The rise-phase count rate I(t) (in units of DN s⁻¹), after subtracting pre-flare emission, can be fitted to a half-Gaussian,

$$\begin{eqnarray*} &&I(t) = I_0 {\rm exp} \left[\frac{-(t - t_0)^2}{2\tau ^2}\right], (t < t_0), \end{eqnarray*}$$

where I₀ is the peak count rate, t₀ is the peak time, and τ is the characteristic rise time. Alternatively, the same light curve could be fitted to a linear function

$$\begin{eqnarray*} &&I(t) = I_0\left(1 + \frac{t - t_0}{\tau } \right), (t_0 - \tau < t < t_0), \end{eqnarray*}$$

where τ is the rise time from the pre-flare to the peak. Fits of both kinds to the observed light curve are shown in Figure 2 by gray lines. The panel on the right shows histograms of the rise times from fits to all the flaring pixels. This shows that the majority of flaring pixels rise over a time less than 10 minutes regardless of which method is used to quantify it.

Since the lower atmosphere (transition region and chromosphere) responds to impulsive energy deposit very efficiently on timescales of less than 1 s (Fisher et al. 1985; Canfield & Gayley 1987), we consider that the rise of the UV emission reflects a single energy release episode lasting for a few minutes in the flux tube (or a bunch of finer flux tubes) rooted at the pixel.
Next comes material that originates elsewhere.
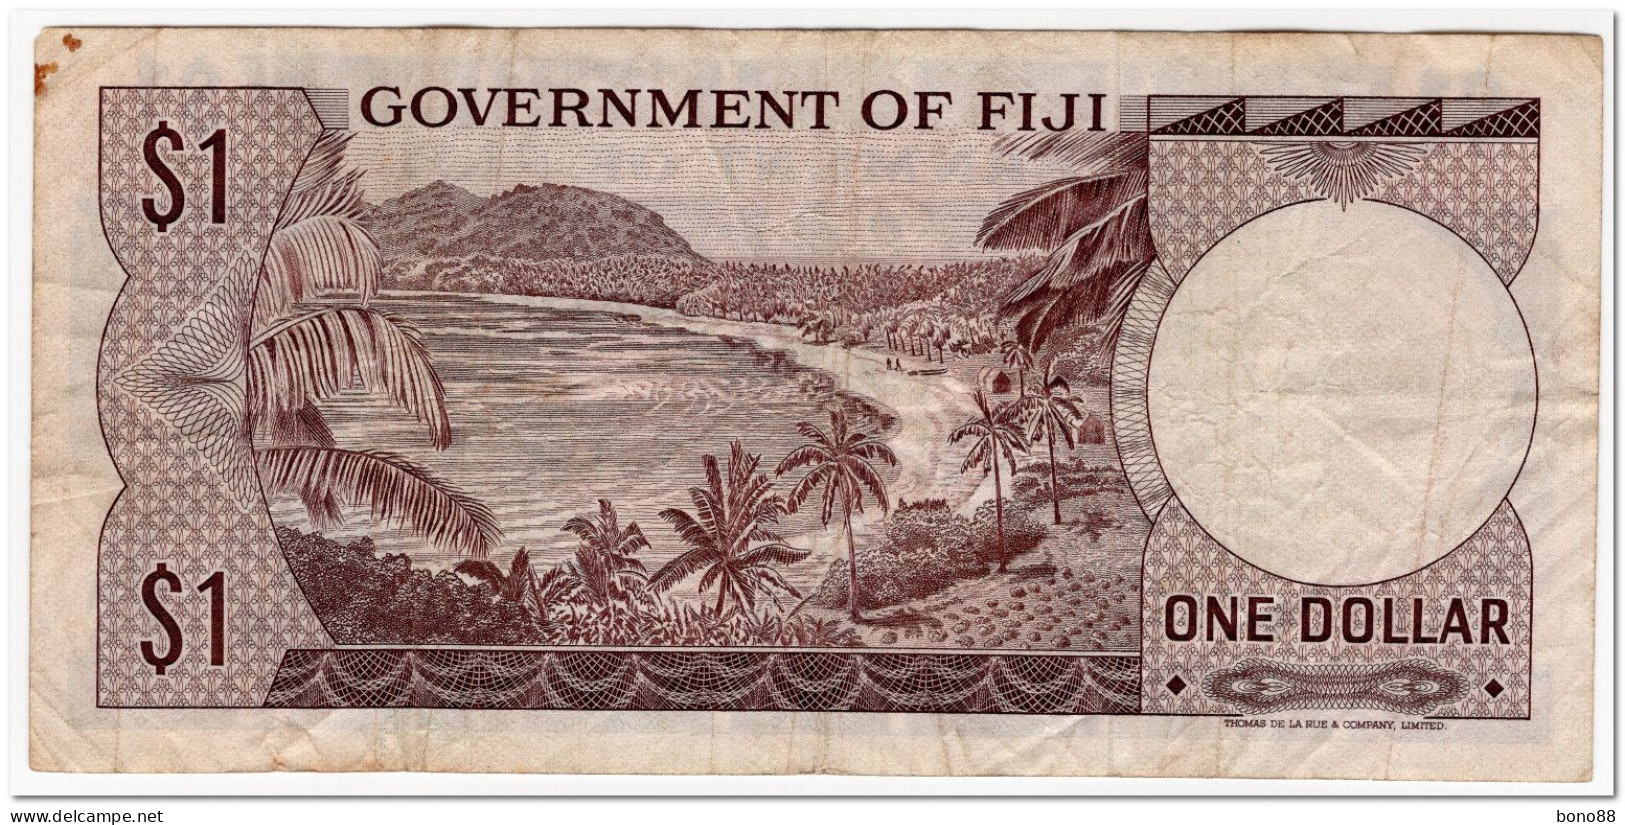 FIJI,1 DOLLAR,1969,P.59,F-VF - Fidji

On the other hand, the long decay of the UV emission in the 1600 Å is most likely the contribution of C iv, a transition region line formed at 10⁵ K. Previous observations and radiative transfer modeling reveal that the C iv emission during the decay phase reflects the evolution of overlying coronal plasma; C iv is therefore referred to as the coronal pressure gauge (Hawley & Fisher 1992; Griffiths et al. 1998; Hawley et al. 2003).

Analysis of the UV light curves in individual pixels therefore provides quantitative information about the energy release and the subsequent plasma evolution in each coronal flux tube. In particular, we take the start time of the UV brightening as the onset of the reconnection event forming the new flux tube. The rise time of the UV brightness gives the duration of the impulsive energy release in the newly formed tube, and the maximum brightness of the pixel reflects the magnitude of the energy release (or heating rate) in the flux tube; this simply assumes that a brighter pixel is more strongly heated. These observationally measured quantities may be then used to construct heating rates and study subsequent plasma evolution inside flare loops that are formed and heated sequentially during the flare. We propose this as a preliminary, expedient approach to the problem, to be tested in the present experiment. Further discussion of the method will be presented in the last section.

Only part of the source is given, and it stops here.